Last night our 12 year old daughter was sitting up with us, waiting for her bedtime.
"Is this, like, what you do at night?" she said. "Don't you do anything interesting?"
My feelings were hurt immediately. Doesn't she realise that I have spent the day doing her washing, cleaning and cooking? I thought. Does she think I really enjoy spending my energy taking her to the dentist? Can't she understand that, having met everyone else's needs all day long, I might just need to sit on the couch and "do nothing"? Doesn't she understand the sacrifices that I have made for her?
In the cold light of day, of course I know that the answer is no to all of the questions I asked myself. She doesn't know, and she can't possibly understand until she is either 25 years old or a mother herself.
Besides, I remember having the same feelings myself. I wondered what my mother did all day while I was at school and I distinctly remember thinking at age 16, I am never going to be boring like my parents.
Perhaps I am a little bit boring now. Perhaps it is good to be challenged to not sit in a rut and do the same old things day after day. However, I also need to remember that I still have a two-year-old, and a son with high anxiety and other challenges, and that I actually do need to rest at night otherwise I become a horror mother during the day. Perhaps we parents are not boring, we are just tired.
It was a good opportunity to take my own advice. This week I gave a parenting talk in which I said that when we feel upset or angry, it is probably because a need is not being met deep inside. I had to ask myself, "what do I need here?" The answer was appreciation and validation and acknowledgement that my sacrifices that I have chosen to make for my children have not been in vain. I also need to be seen as a real person and not dismissed as a boring caricature.

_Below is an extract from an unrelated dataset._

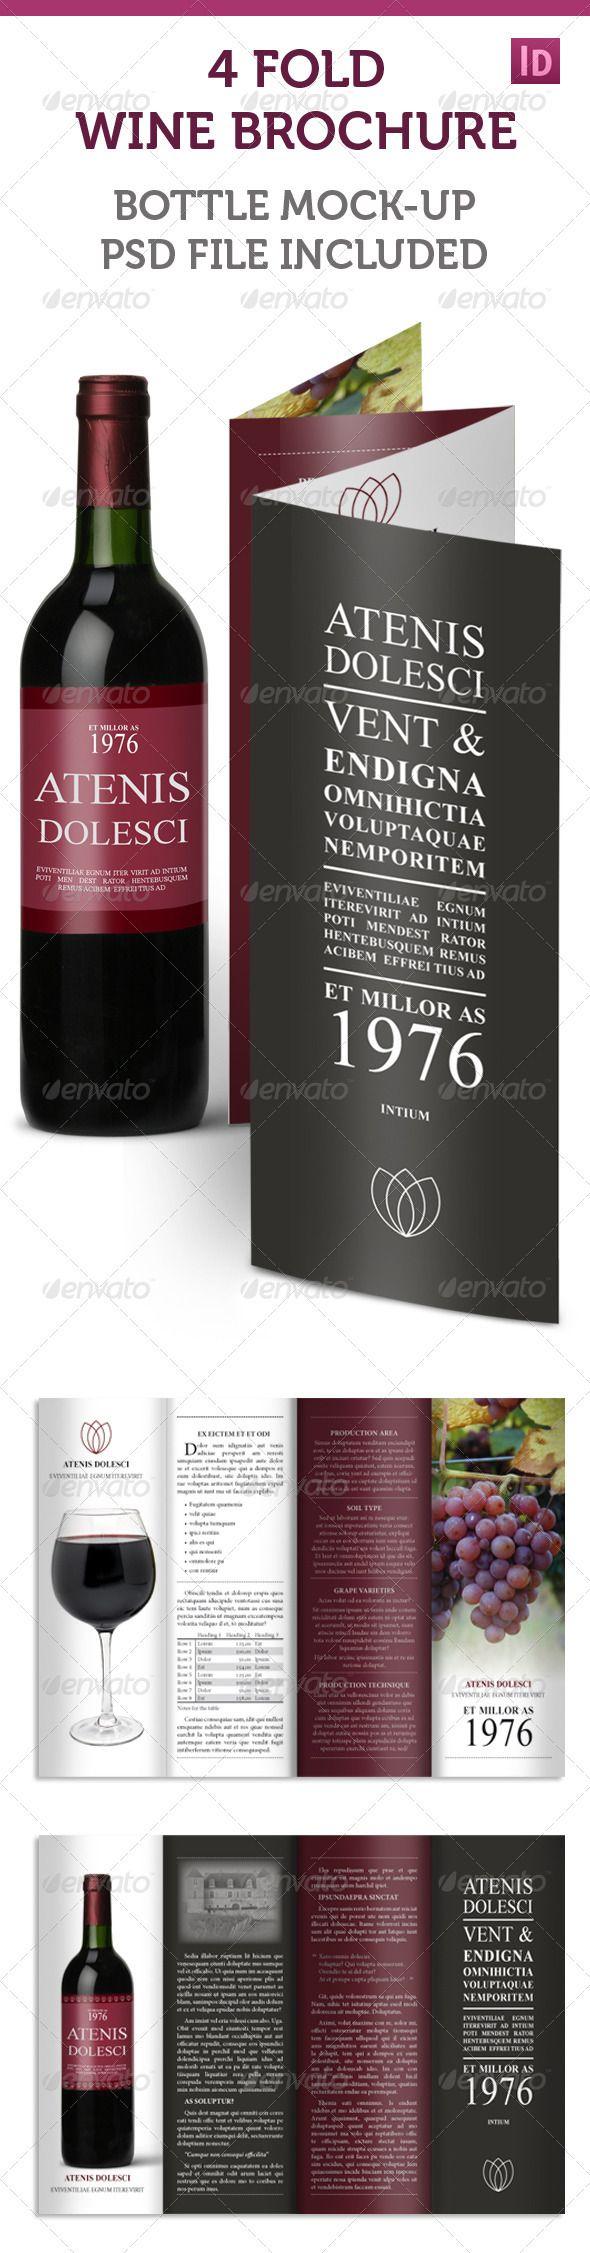 4 fold accordion wine brochure

In my talk, I argued that our children will never meet those needs. It would be easy enough to play the guilt card and make my daughter feel bad about what she said, but I would prefer to have appreciation and thanks that comes freely from her heart one day when she understands. (It might be useful to have a word with her, however, about not criticising other people's activities…)
So, where can I get my need for appreciation met? I am finding that in the end, only God is able to meet my needs. He reminds me of his love and compassion and respect and enjoyment for me in the Bible. When I ask the question, "what do I need?" I have not had an instance yet in which I find that God can't meet the need.
I am continually finding that, having asked the question and having had my need met, I am so much better placed to deal with the problem or the issue at hand. This process has helped me get rid of anger and bitterness that before, I would have been fighting for days.